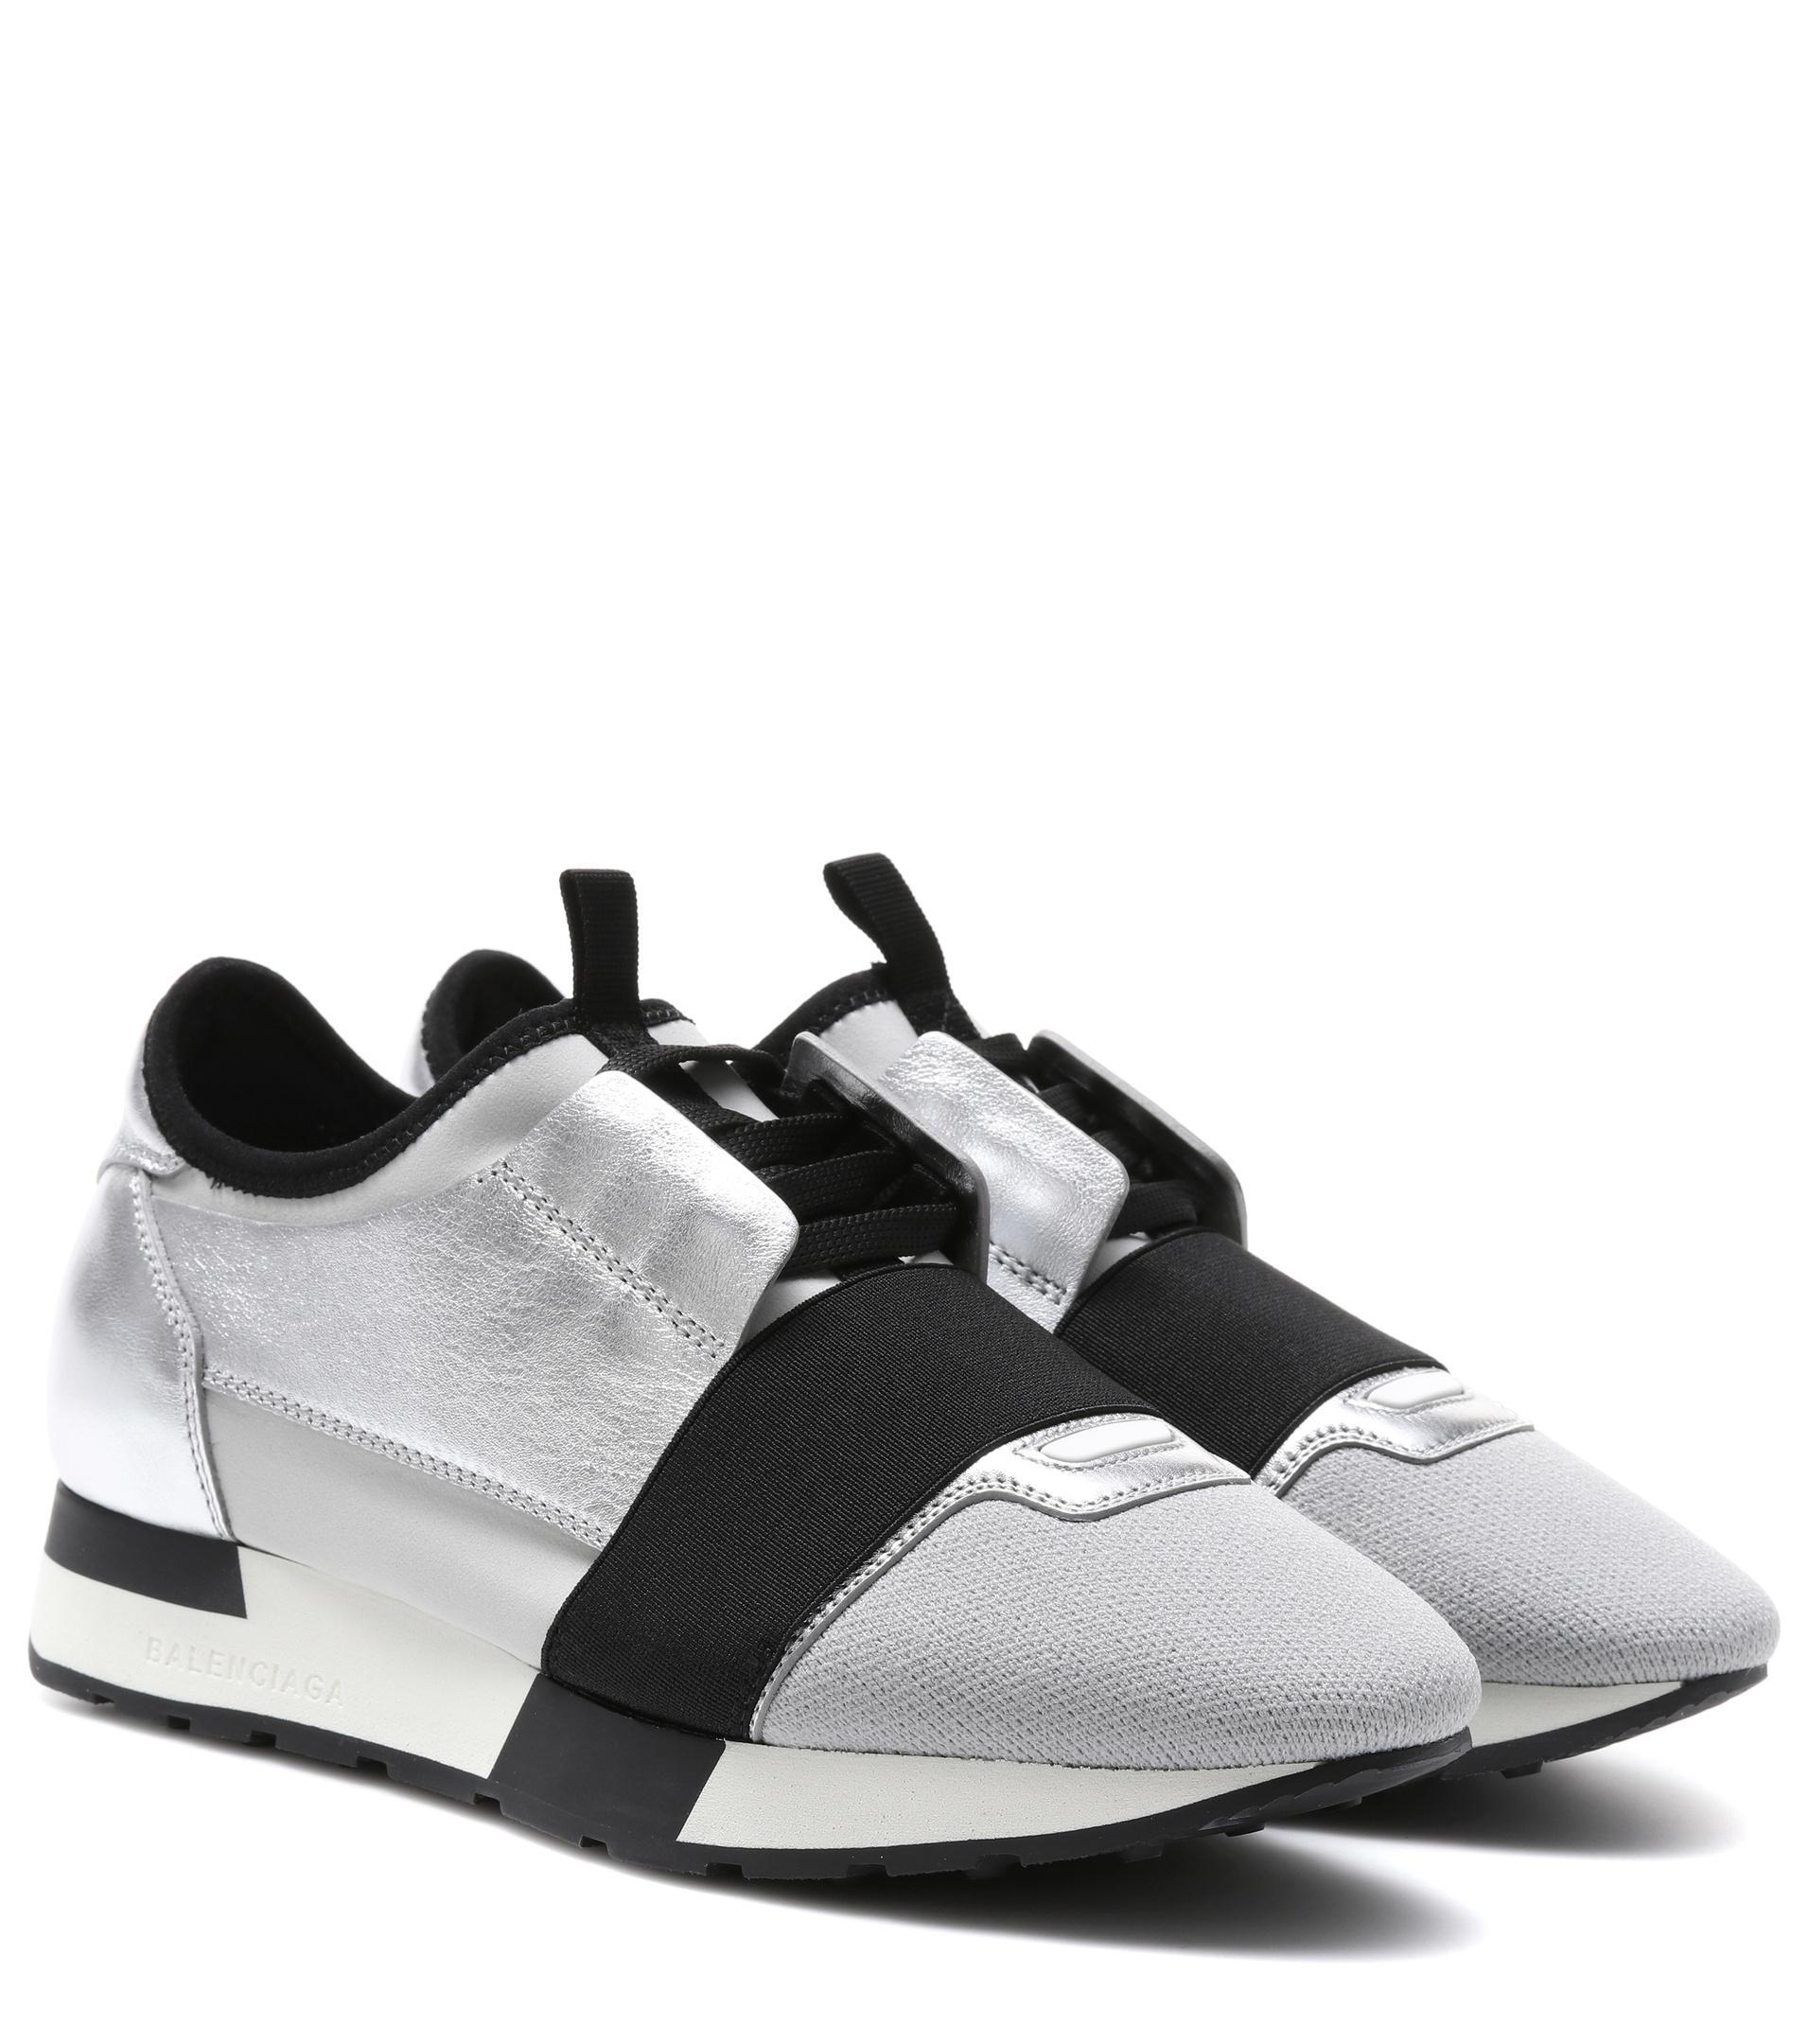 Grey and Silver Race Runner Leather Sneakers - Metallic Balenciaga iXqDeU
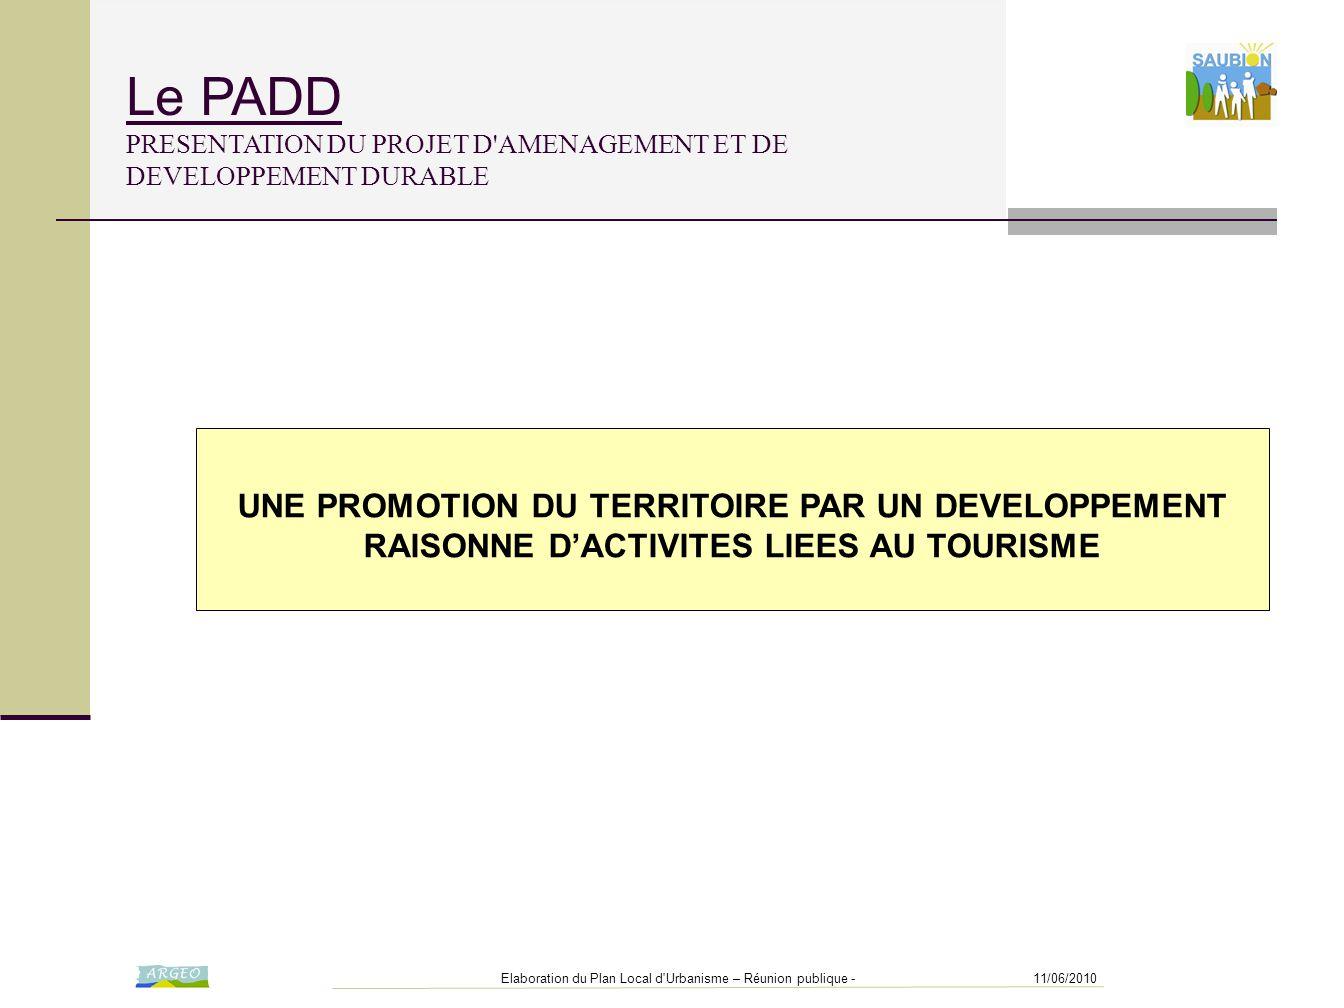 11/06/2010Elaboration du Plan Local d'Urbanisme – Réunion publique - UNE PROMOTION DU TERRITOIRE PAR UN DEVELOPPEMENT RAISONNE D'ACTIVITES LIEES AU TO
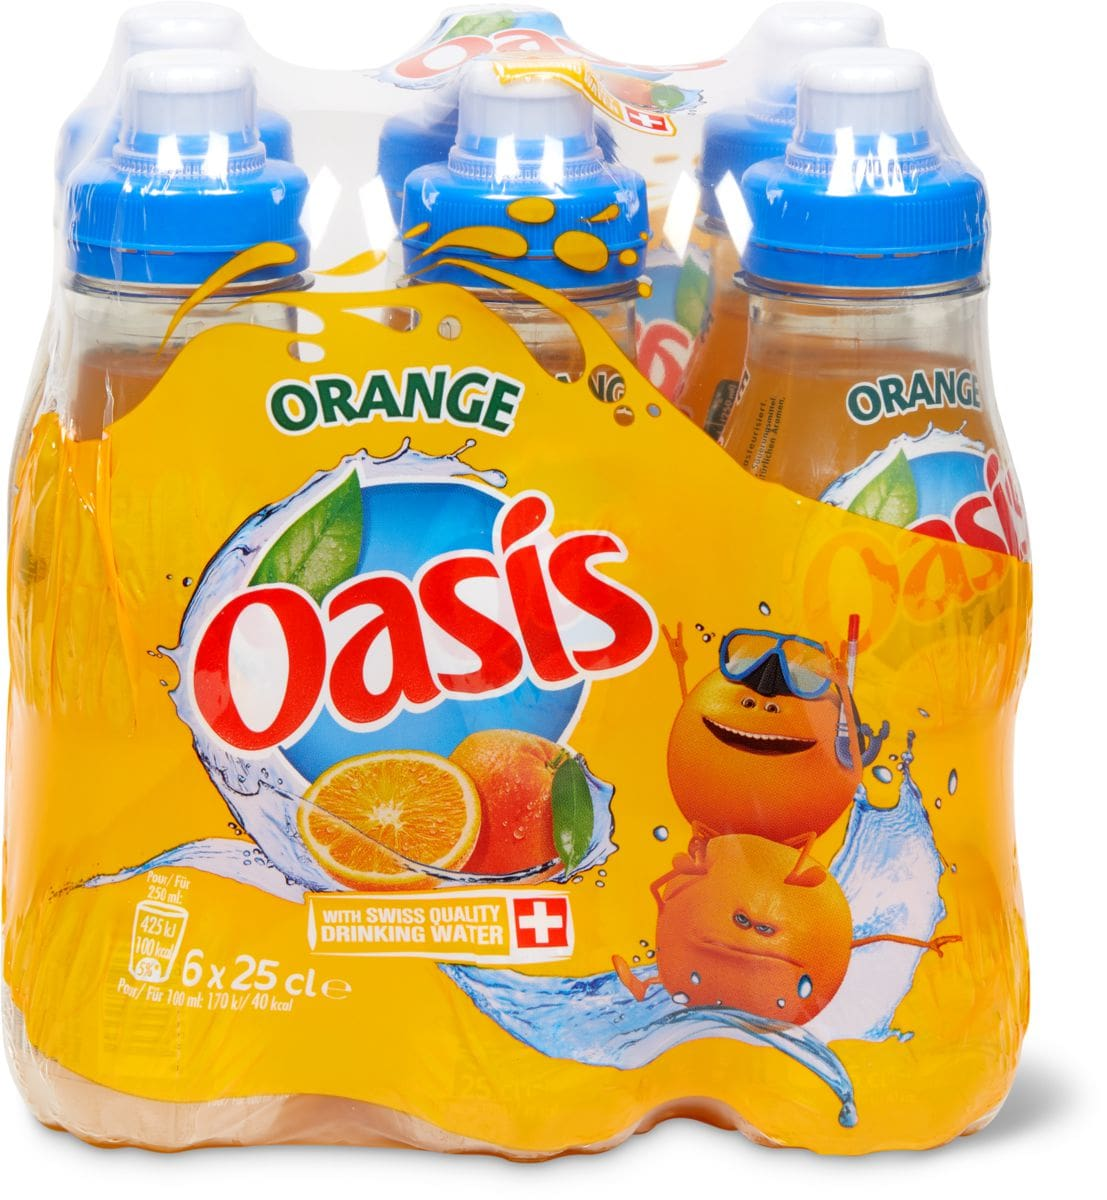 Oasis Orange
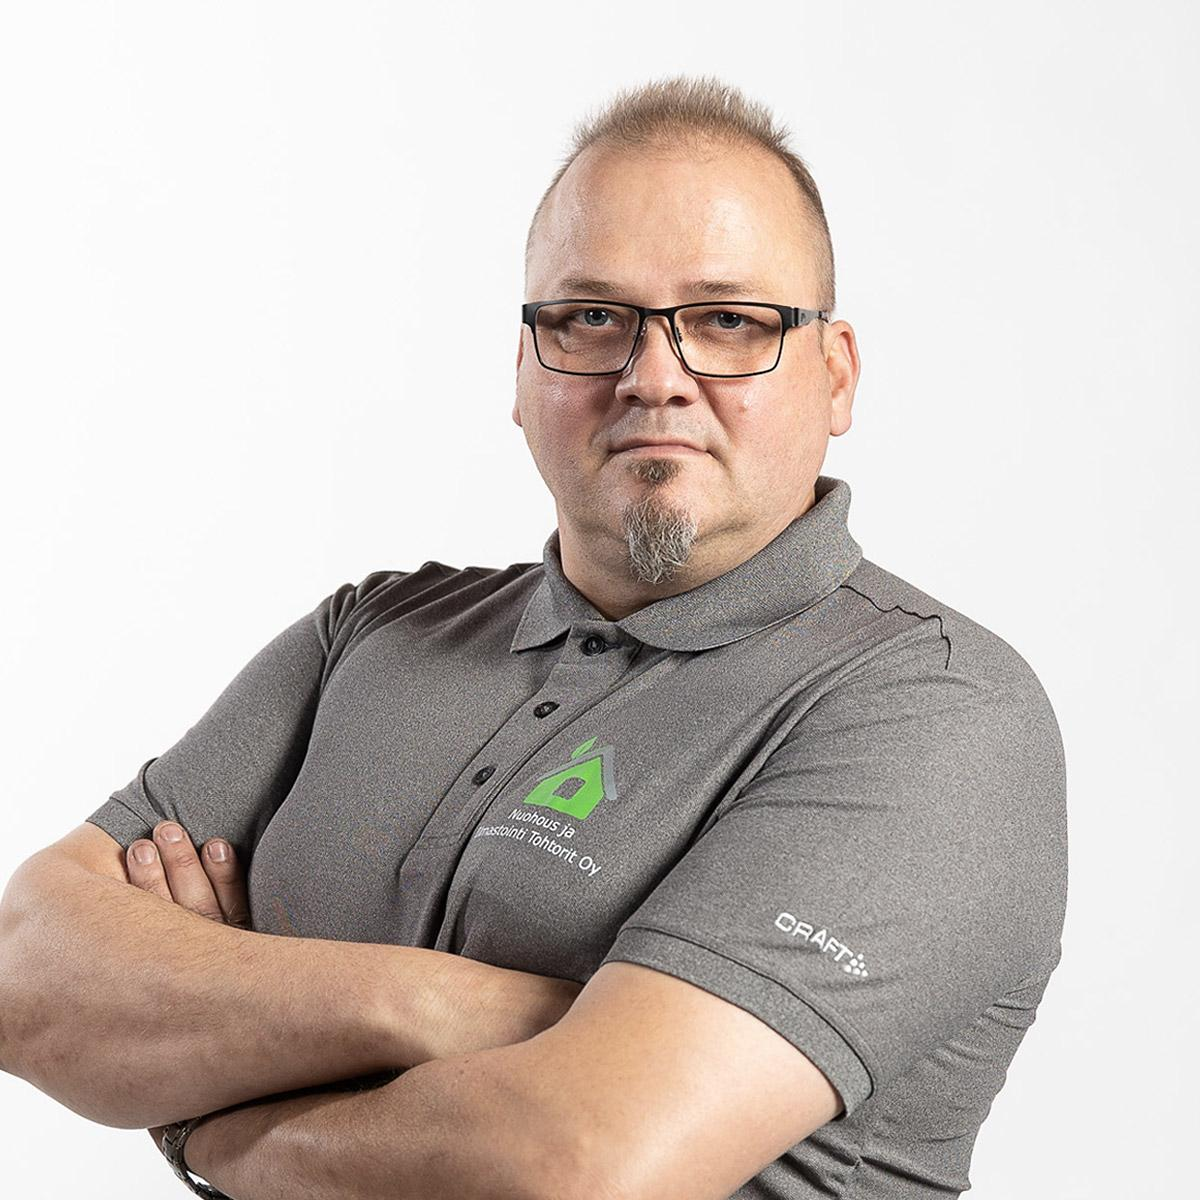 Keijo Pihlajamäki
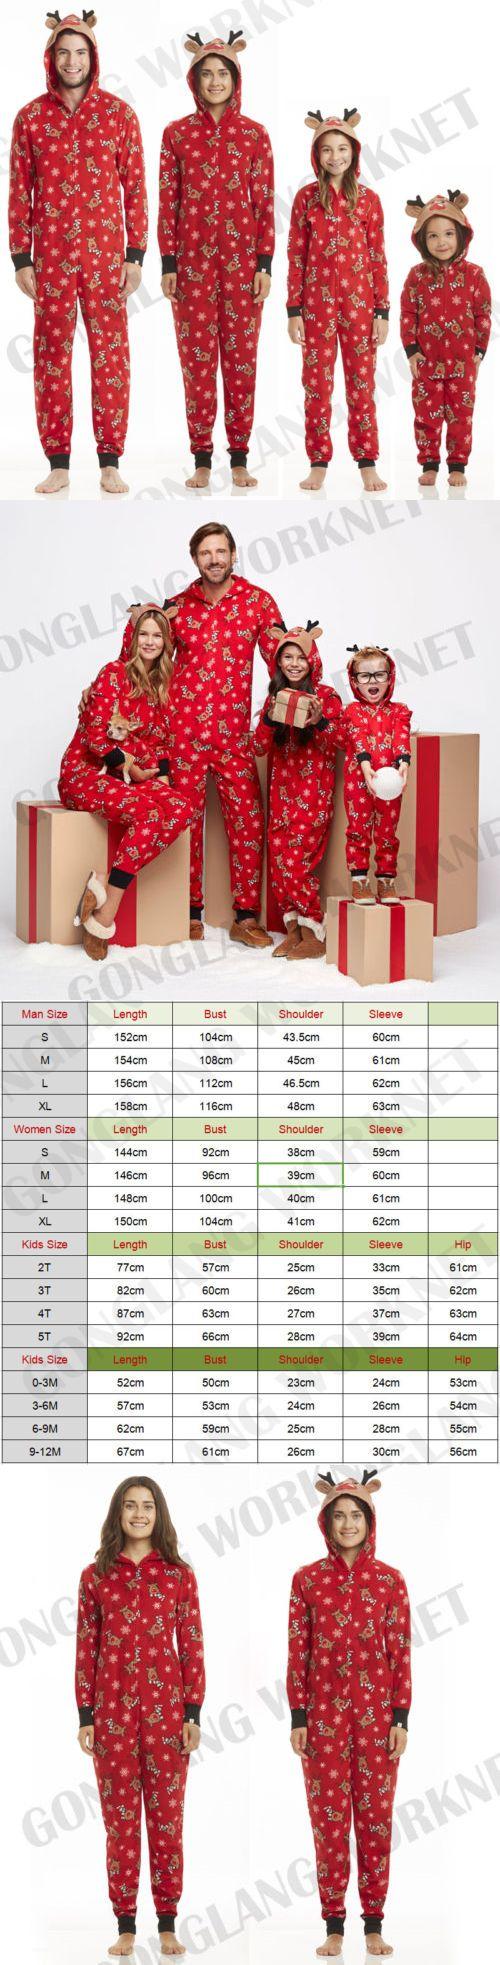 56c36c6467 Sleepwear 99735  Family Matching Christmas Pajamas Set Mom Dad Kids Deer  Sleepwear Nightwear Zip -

_ _ _ _ _

Directions for this task
Please output the entries above exactly, leaving out every picture.

Solution
 Grey and Silver Race Runner Leather Sneakers - Metallic Balenciaga iXqDeU
 11/06/2010Elaboration du Plan Local d'Urbanisme – Réunion publique - UNE PROMOTION DU TERRITOIRE PAR UN DEVELOPPEMENT RAISONNE D'ACTIVITES LIEES AU TO
 Oasis Orange
 Keijo Pihlajamäki
 56c36c6467 Sleepwear 99735  Family Matching Christmas Pajamas Set Mom Dad Kids Deer  Sleepwear Nightwear Zip -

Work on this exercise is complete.